Prepare a template disk
Follow these steps to create the template disk.
In the Preparing a Linux Image section of the directions, before you install lsvmtools, install the VMM specialization agent.
Sign the template disk
Generate a certificate. You can use a self-signed certificate for testing.
Use the following sample cmdlet:
$cert = New-SelfSignedCertificate -DnsName '<<signing.contoso.com>>'
Sign the disk by using a Windows Server 1709 machine. Use the following sample cmdlet:
Protect-TemplateDisk -Path "<<Path to the VHDX>>" -TemplateName "<<Template Name>>" -Version <<x.x.x.x>> -Certificate $cert -ProtectedTemplateTargetDiskType PreprocessedLinux
Copy the template disk and the signed image to the VMM library.

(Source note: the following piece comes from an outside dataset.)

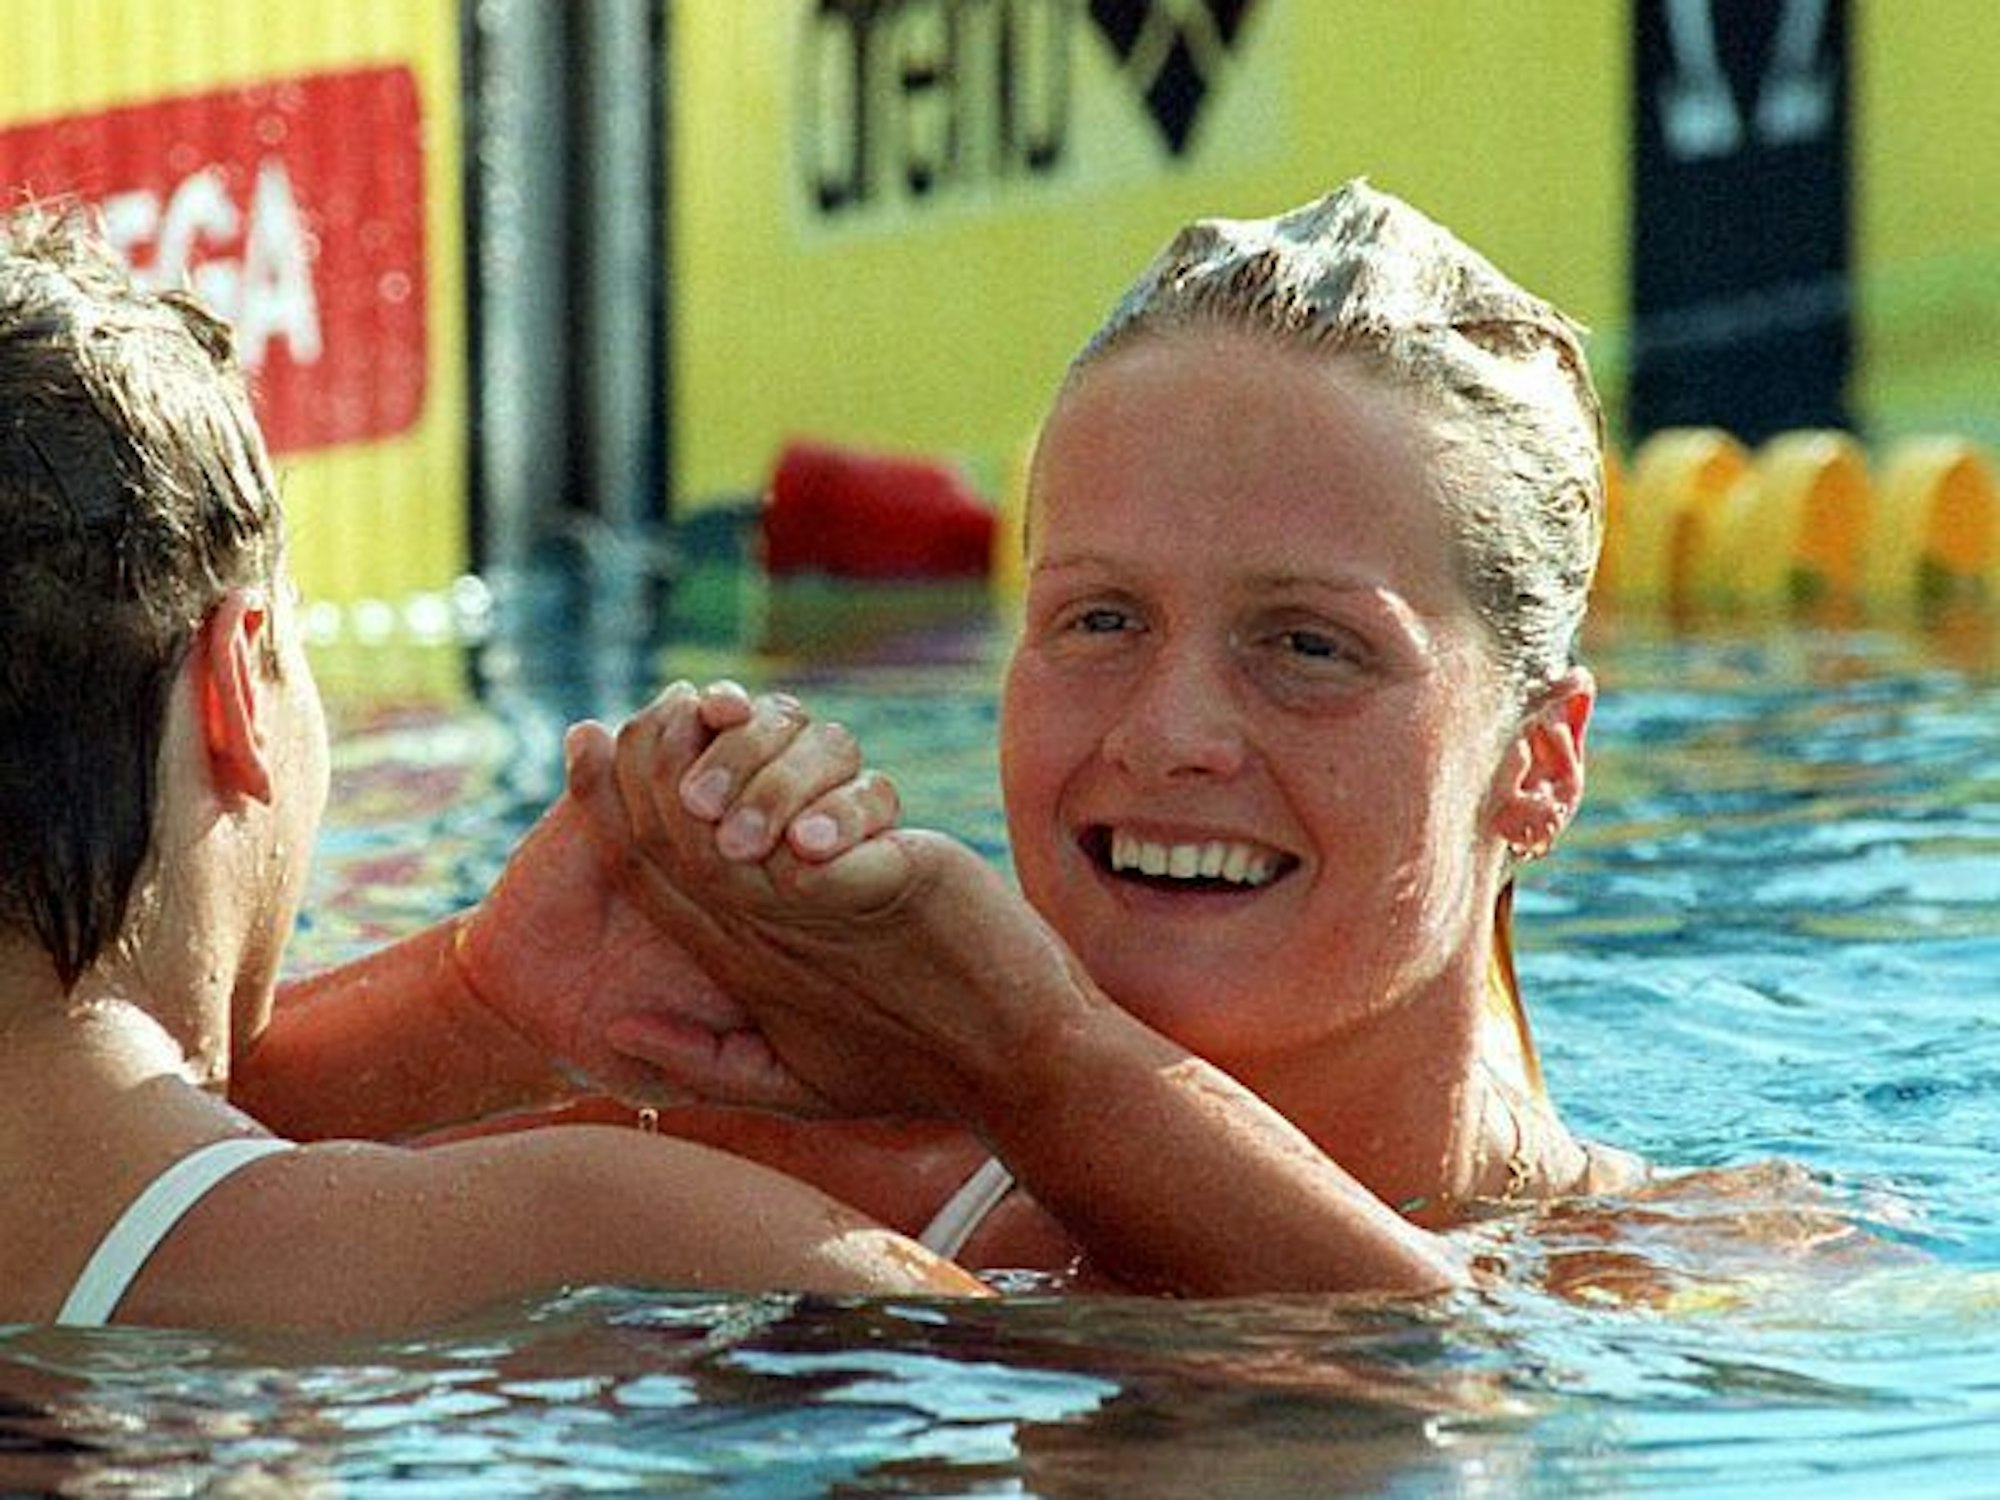 Eine junge Schwimmerin mit blonden Haaren im Becken. Sie lacht und klatscht mit einer anderen Schwimmerin ab.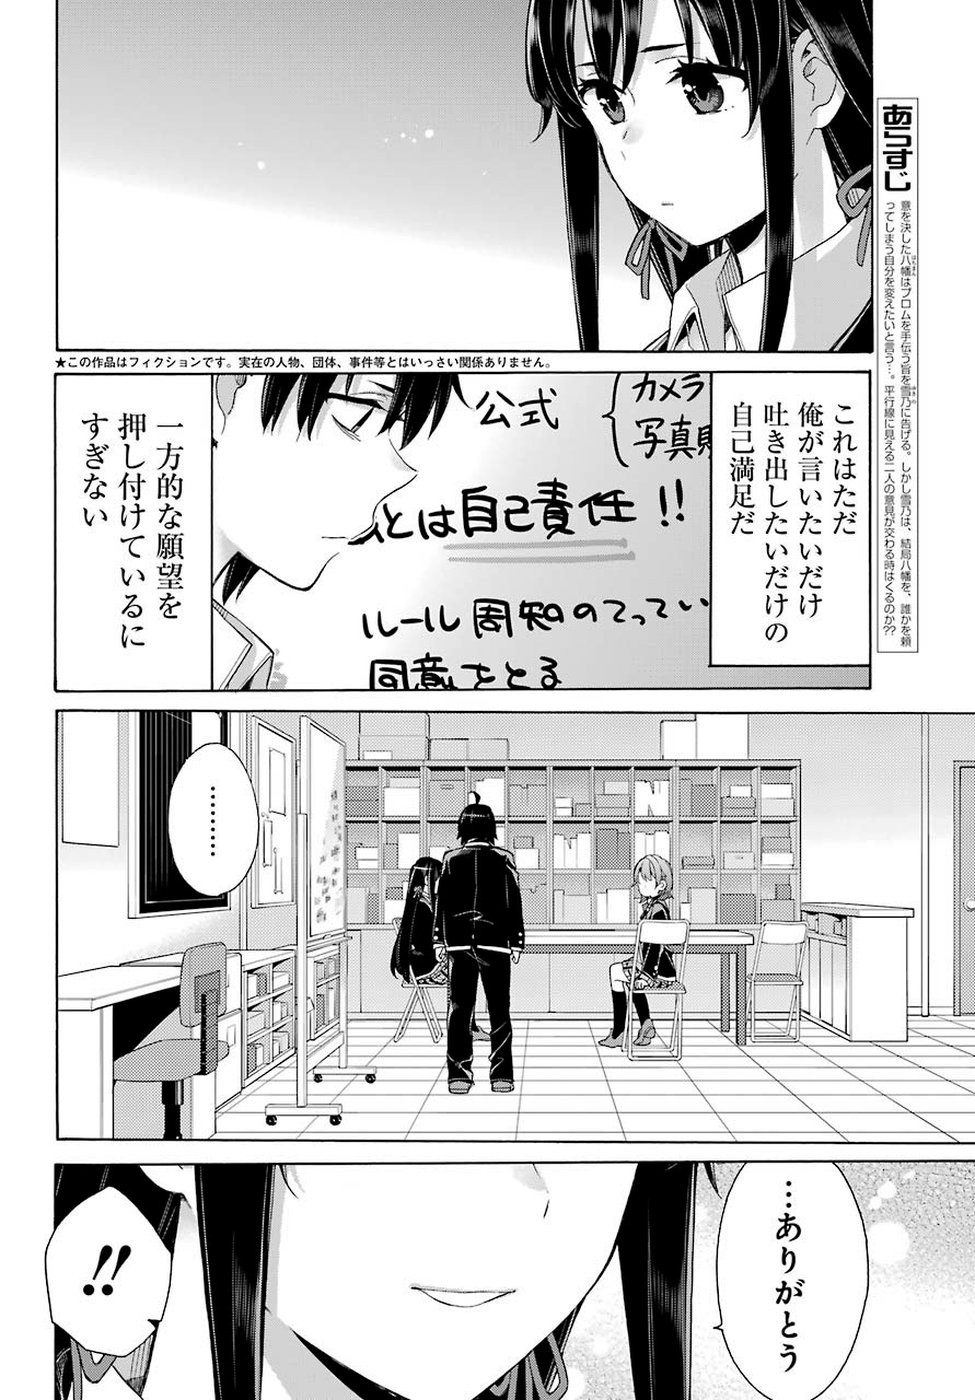 Yahari Ore no Seishun Rabukome wa Machigatte Iru. - Monologue - Chapter 79 - Page 3

Create a Linux shielded VM template in VMM
In the VMM console library, select Create VM Template.
In Select Source, select Use an existing VM template. Browse to select the signed template disk that you added to the VMM library. Then select Next.
In Configure Hardware:
Under Firmware, select Enable secure boot. From the Secure boot template drop-down menu, select OpenSourceShieldedVM.
This boot template is a new addition to RS3 hosts. If no RS3 hosts are in VMM, this option won't show up on the Secure boot template menu.
Select the required configuration for other hardware properties, such as processors, memory, and the VM network.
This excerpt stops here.